Preventing constexpr functions from being recursive will not prevent
compile time recursion -- people will continue to use template trickeries.

| IMHO its potential to be misused is big (as defined in current C++0x).

Almost any useful language feature has a big potential misuse.

| As far as I know, we can't detect at compile-time if a function is
| being called using its constexpr mode or not.

That is not exactly true.


| This means that coding something like
|
| constexpr int fibonacci(int n)
| {
|    return ((n < 2)? n : fibonacci(n - 1) + fibonacci(n - 2));
| }
|
| is a bad idea since, if evaluated at runtime, will take so much time
| (constexpr-triggering-failure includes, among calling the function
| with non-constant parameters, calling it from a different translation
| unit even if we call it with constant parameters).

Then, don't do it.

[...]

| but now we need to code every constexpr function in its iterative
| equivalent with recursion to prevent this kind of problem. Tail
| recursion is easy to treat and easily optimized when compiling the
| runtime version of the function, but most other forms of recursion
| aren't.

Not every function should be coded as constexpr, just because it can be.

--
[ comp.std.c++ is moderated.  To submit articles, try just posting with ]
[ your news-reader.  If that fails, use mailto:std-c++@netlab.cs.rpi.edu]
[              --- Please see the FAQ before posting. ---               ]
[ FAQ: http://www.comeaucomputing.com/csc/faq.html                      ]
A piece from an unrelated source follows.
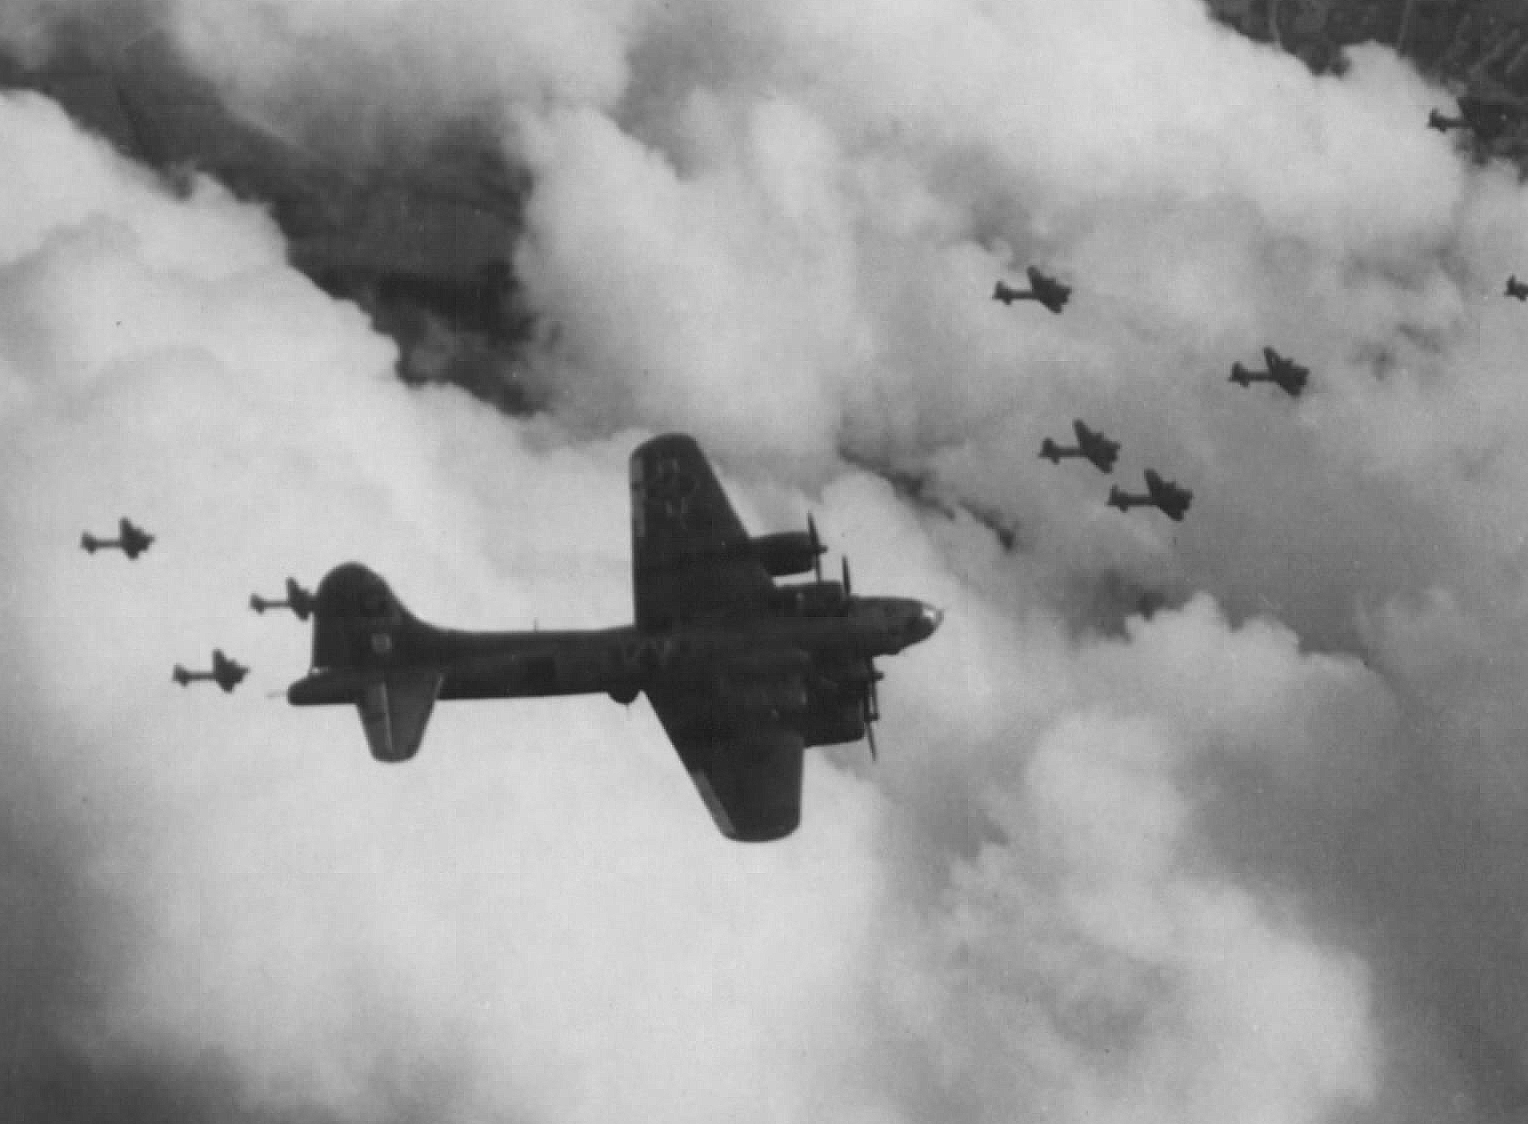 B-17 #42-30678

A warm thanks to all who responded to my earlier post about attempting
to use the parameters of a constexpr function in the context of an
integral context expression (ICE).  I sensed it would be ill-formed,
but wasn't sure why.  It is clearer to me now - (i.e calling a
constexpr function with an integer literal results in an ICE , but
when parsing/compiling a constexpr function, the parameters themselves
are not ICE's)

So the following is well-formed:
constexpr int foo(const int N) { return N + 1; }
template<int N = foo(5)> struct T { };

But the following is ill-formed: constexpr int foo(const int N)
{ return T<N>(), 0; }

Right?

Also, based on my reading of the constexpr sections of the draft, the
following should be legal.  I wonder if I am mistaken here?

template<int LENGTH>
struct carray
{
 char data[LENGTH];
 constexpr carray(const char* data) : data{data} { }
 template<int N>
 constexpr carray<N> tail(const int Beg)
 { return carray<N>(data + Beg);   }

  constexpr int length()
  {
    return rlength(data);
  }
  private:
  constexpr int rlength(const char* d)
  {
     return *d ? rlength(d + 1) + 1 : 0;
  }
};

int main()
{
 carray<100> str1{"hello,world"};  // compile-time
 carray<30> str2 = str1.tail<30>(6); // compile-time
 std::cout << str2.data; // print "world" runtime
}

thanks for your help,
Faisal Vali
Radiation Oncology
Loyola

--
[ comp.std.c++ is moderated.  To submit articles, try just posting with ]
[ your news-reader.  If that fails, use mailto:std-c++@netlab.cs.rpi.edu]
[              --- Please see the FAQ before posting. ---               ]
[ FAQ: http://www.comeaucomputing.com/csc/faq.html                      ]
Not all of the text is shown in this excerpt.